Por último, los niños. Si los adultos disfrutamos representándolos rollizos y alegres quizá es porque ya no nos acordamos de las incertidumbres, las dudas y los miedos de la infancia. Convirtiéndolos en imágenes del futuro y de nuestras expectativas, les negamos el derecho a la debilidad o, simplemente, a ser como son. Dos conceptos clave en Schiele que explican la cercanía de sus chicos pobres, pese a la elegancia del trazo, pese a la simplificación gráfica de lo anecdótico, pese a un cromatismo añadido sin manías. Su chiquillería es la constatación de otro fracaso: se hundió el individuo monolítico, luego el amante y ahora la paternidad. La soledad ya es total.
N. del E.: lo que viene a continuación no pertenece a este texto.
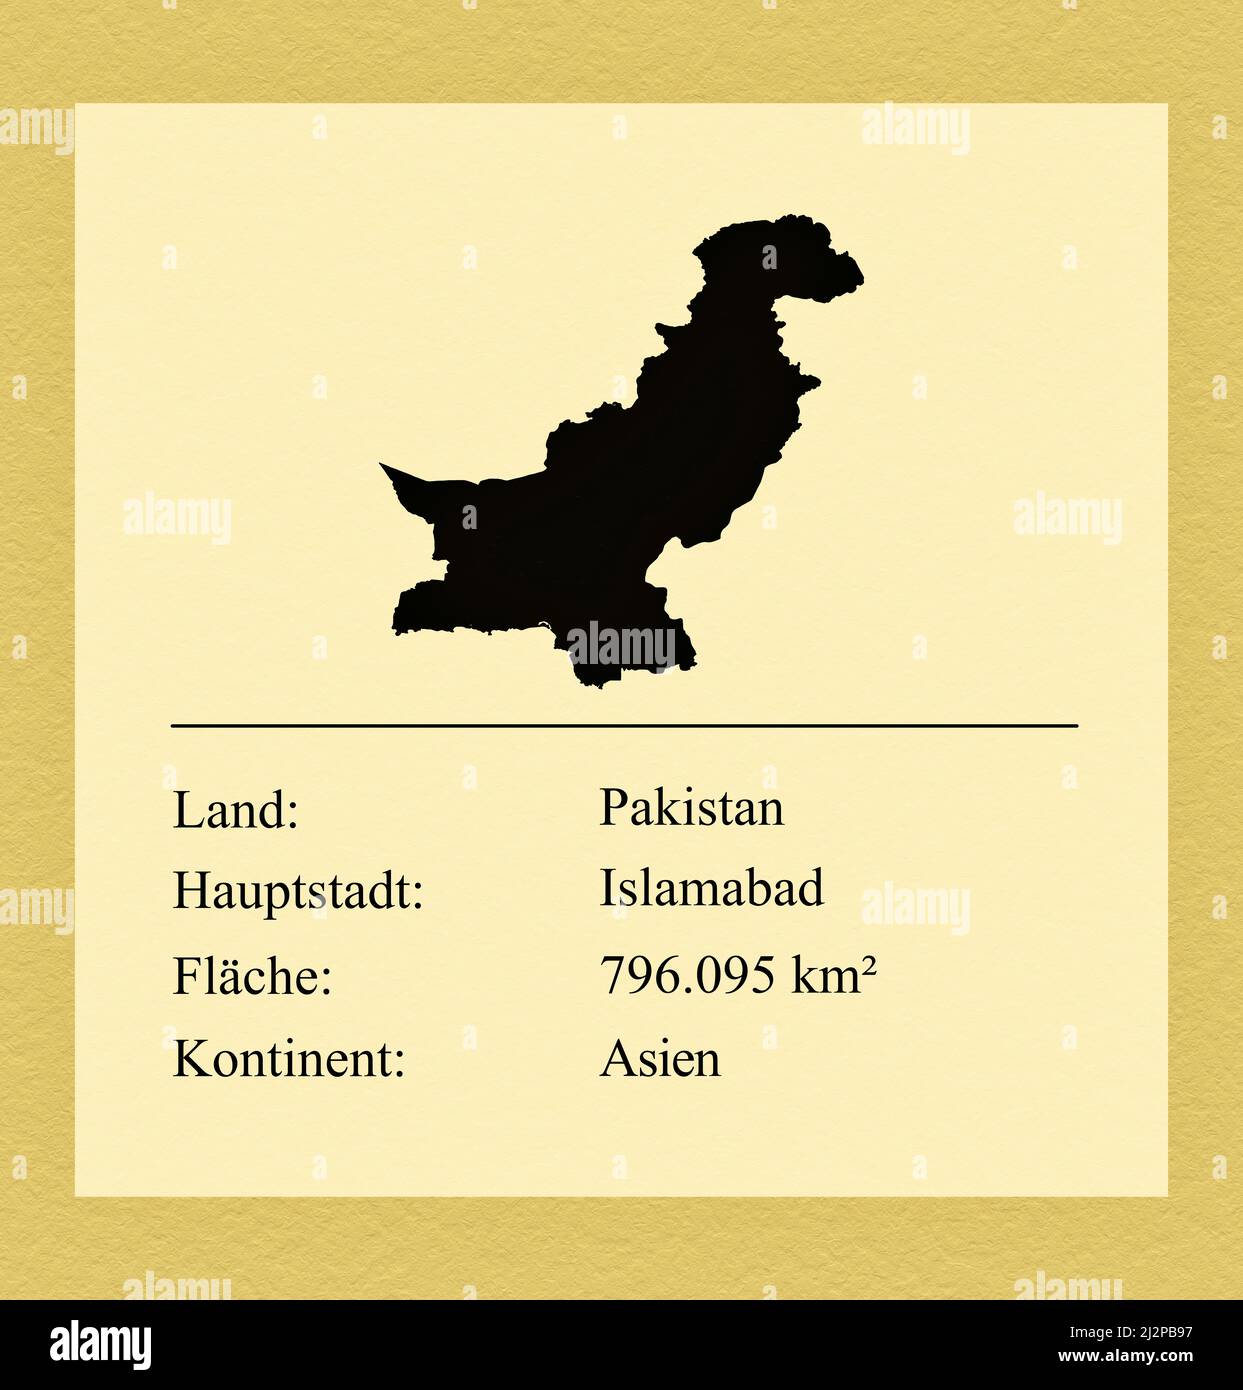 Umrisse des Landes Pakistan, darunter ein kleiner Steckbrief mit Ländernamen, Hauptstadt, Fläche und Kontinent Stock Photo

Y ahí entra en escena la hija de Dorff, que ni pasa las penurias de los pequeños de Schiele ni pasea ojeras o bracitos escuchimizados, pero que es todo lo que no debería ser una niña: responsable, racional y tan irremediablemente retraída como su padre. Él el eterno inmaduro, ella la madura precoz, ambos han perdido el lugar asignado. Ambos fueron anunciados en los casi cien gouaches y acuarelas del Museo Albertina de Viena presentes en el Guggenheim, llenos de personas que se apearon, se cayeron o les empujaron de la normalidad.

Si alguna vez hemos hecho alguna mueca ante el espejo, no para reírnos, sino para embelesarnos con nuestros múltiples rostros y congraciarnos con nuestra flaqueza (medida en grasa o en desilusión), entonces comprendemos porqué la obra de un artista de hace cien años continúa tocando la fibra. Si viviera hoy, qué bien encajaría el hedonismo agónico de su Viena decadente con las tropelías nocturnas de Dorff en las Vegas. Como disfrutarían dando vueltas con un deportivo en un circuito cerrado hasta cerciorarse de hasta qué punto su libertad recién conquistada aún los inmoviliza. Es el peligro de las muecas, que sacan a la luz la realidad que está debajo de la máscara. Pero cuando se empieza a gesticular ya no se puede parar.